I’m currently trying to grasp the whole cloud thing, and I have already read through a lot of similar questions here on Stackoverflow.
What I am trying to build is going to be something like an high I/O storage service. It’s going to retrieve A LOT (we are talking 50 – 100 Mbit/sec constantly) of data through FTP and afterwards going to be running some post-processing on some of the data received.
The application is currently being written in C# for deployment on Windows Azure VPS. I’m doing my own simple FTP server for maximum level of control and security (like my own authentication process). This is not a problem as I’ve become quite skilled with socket servers and high performance .NET applications.
HOWEVER always running as a single instance. It’s always been about squeezing out more performance of a single Windows Service / Console Application running on some VPS server.
I must face the facts this time though. No matter how big that VM is going to get, the data can quickly overwhelm the servers I/O capacity if the data is going to increase (it’s generated by customers so more customers = more data!).
So how would you go about doing load balancing in the cloud? I have read about “cloud services” with “cloud workers” and so on, but I think that it just get’s so ** complex and the pricing just seems so blurred when I’m going to be using storage from one service, database from another and the work from a third type of service, while factoring in bandwidth and other stuff. I would really like to just keep it simple in an environment that I know and that I’m confident in working with. So VPS it is.
But how should I do the load balancing ? It’s my first time ever and I know it’s quite an ambitious project, but I really just want to learn!
To sum it up: Load balancing a custom FTP application written in C# running on Windows Azure VPS. Every instance of the application/service should have access to the same storage and database.
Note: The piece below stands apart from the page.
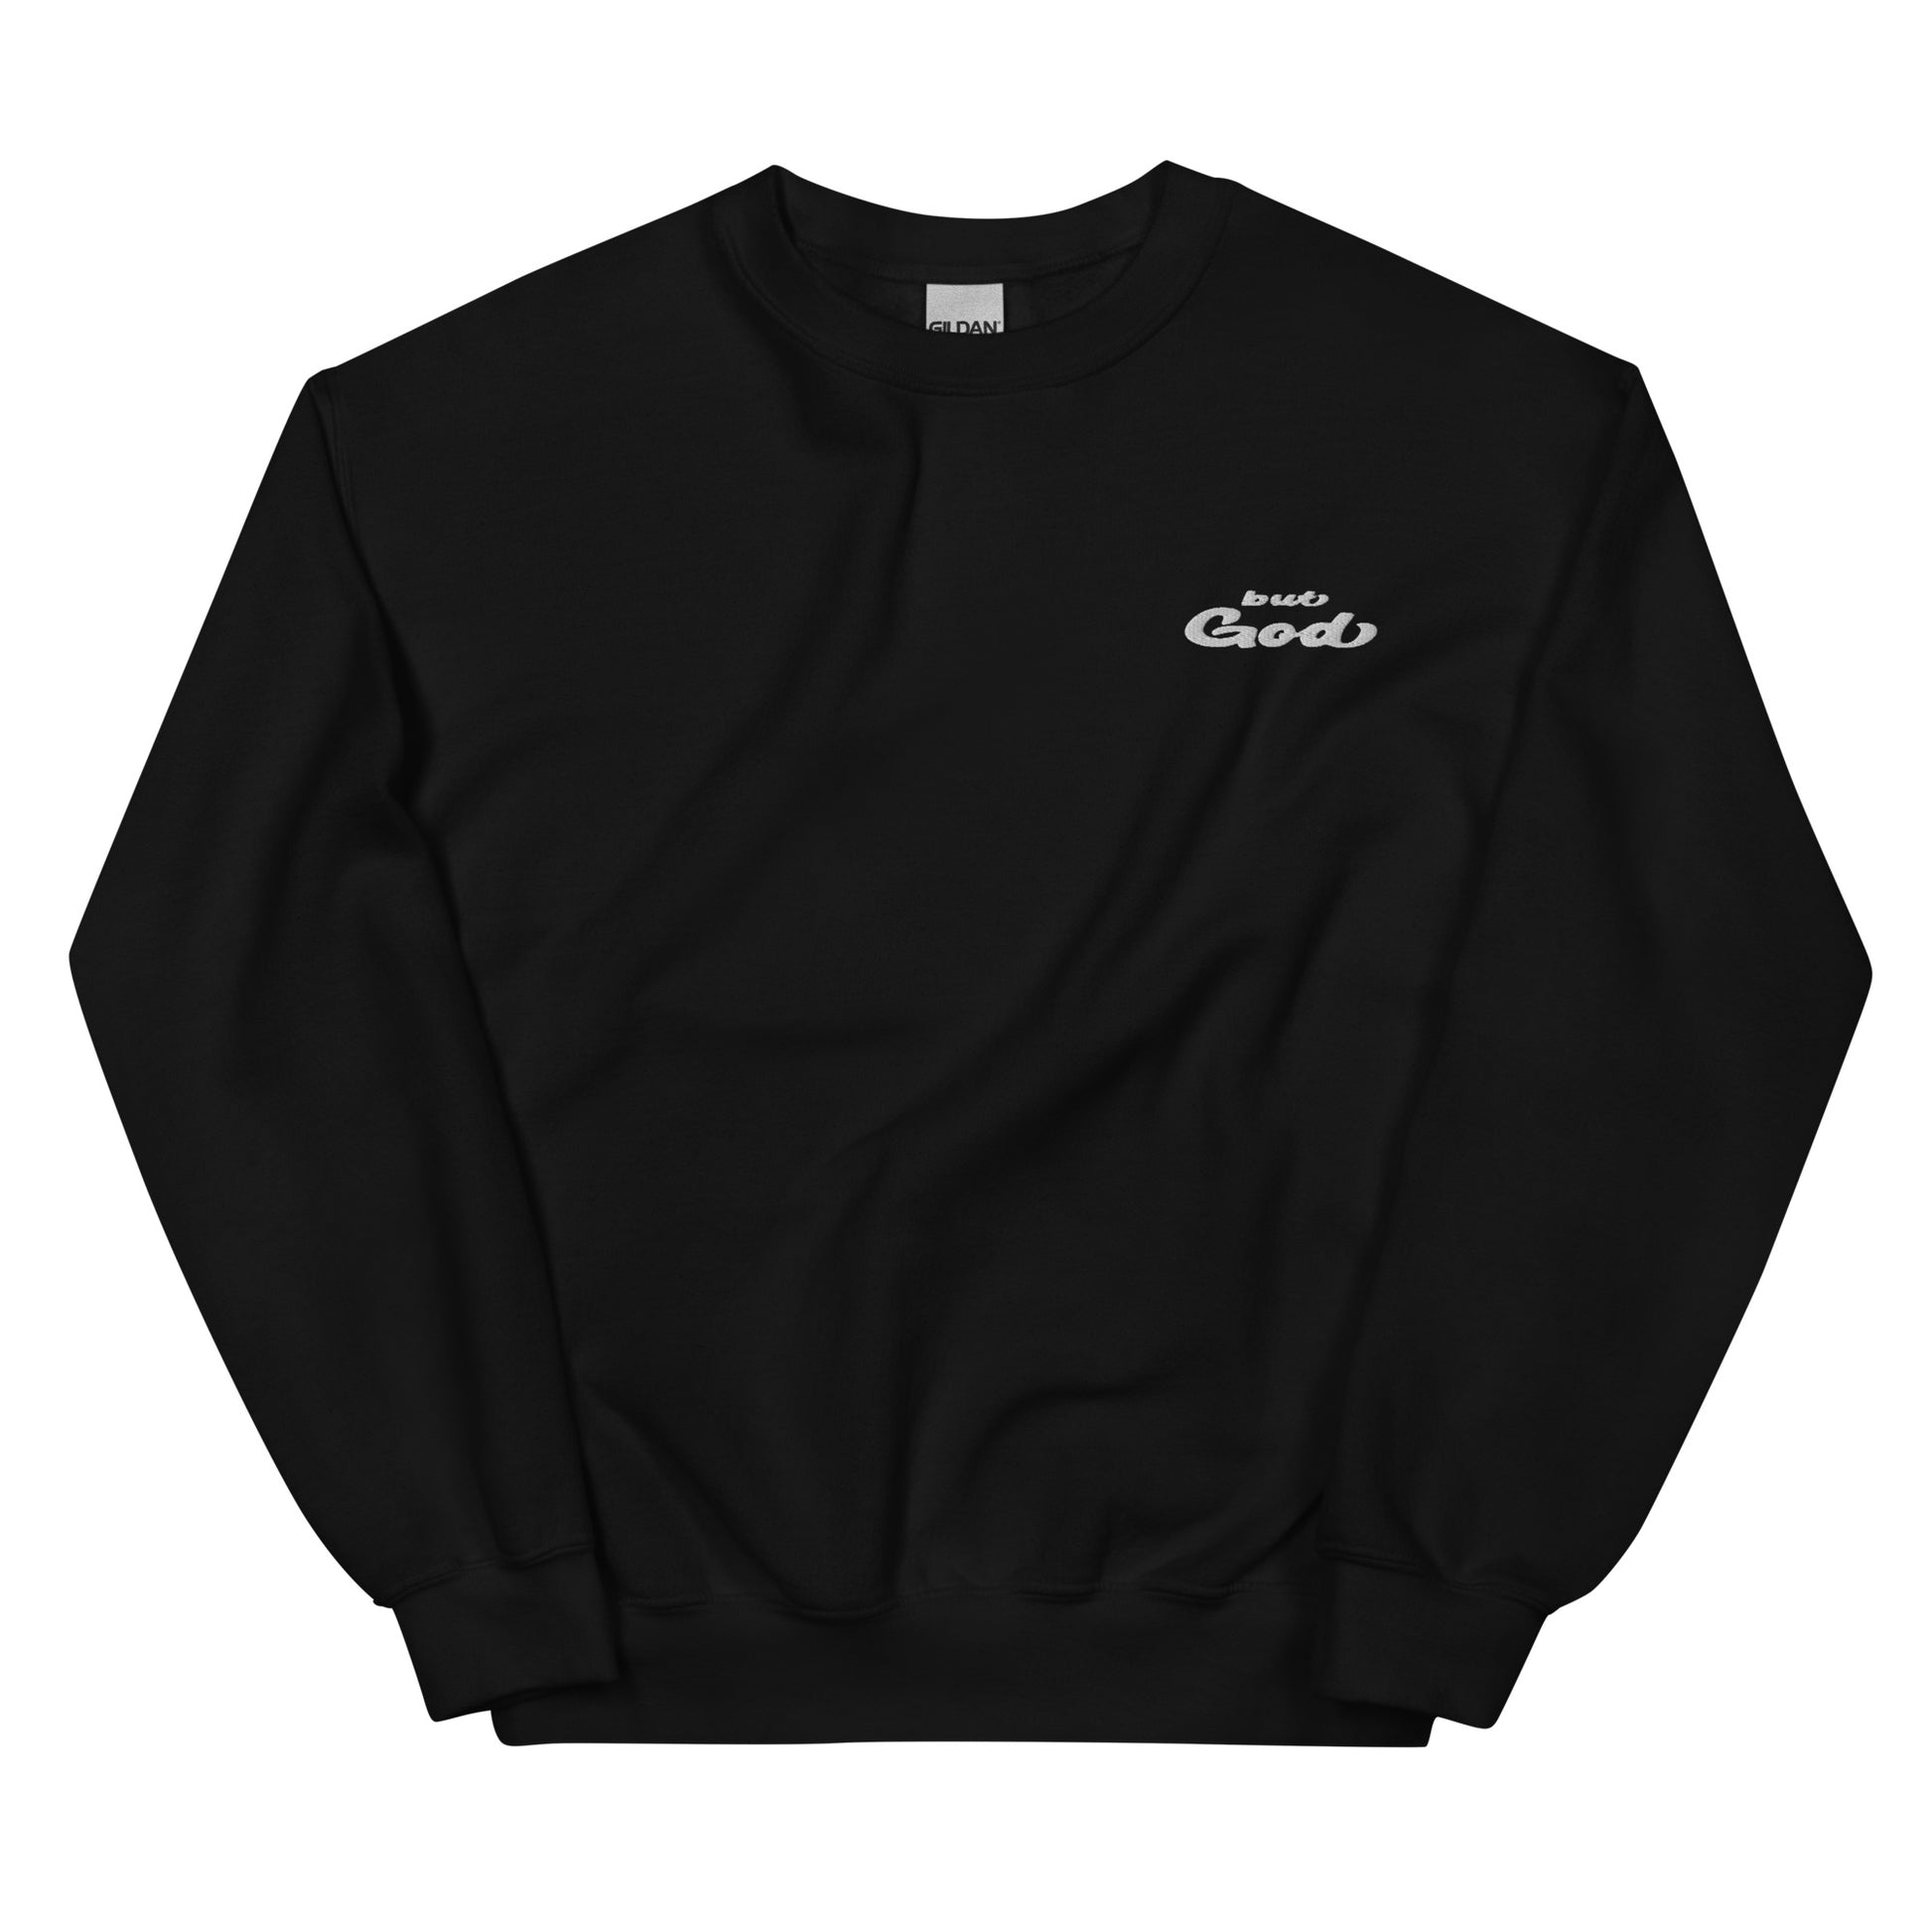 But God Embroidered Unisex Sweatshirt black

No inter-instance communication is needed.
So throw everything you got at me and I will try to keep up. 🙂
Roles
You seem somewhat confused about what Roles are, so let me do a quick aside on that. A Role is basically a template for a VM, it defines the code and configuration. It’s a little bit like what a Puppet or Chef script is. There are a few types of Roles.
Load Balancing
In simple cases (eg, web serving) Azure will automatically load balance incoming requests between your machines. It should work just as well for any service that involves requests coming in from the internet. I think this may be more complicated with FTP PASV mode, but I’m not an expert on that topic. There is an open source project for FTP on Azure, as well as a blog post on the topic. Perhaps their approach can be applied to your custom FTP software.
From what you’ve said, I think you could use a Worker Role for your FTP servers. In your WorkerRole.cs file you would just start up your FTP code, and away you go. You could also spawn threads or processes to have each VM do double-duty as an image processor. You could do all that in a VM Role if you wanted, it’s just a question of which involves more work for you.
Storage
This is a textbook use case for Blob Storage. The uploaded files should definitely go there. It sounds like the different billing model is confusing you a bit, but Blob storage is pretty cheap. You can take a look on the Azure Pricing Calculator.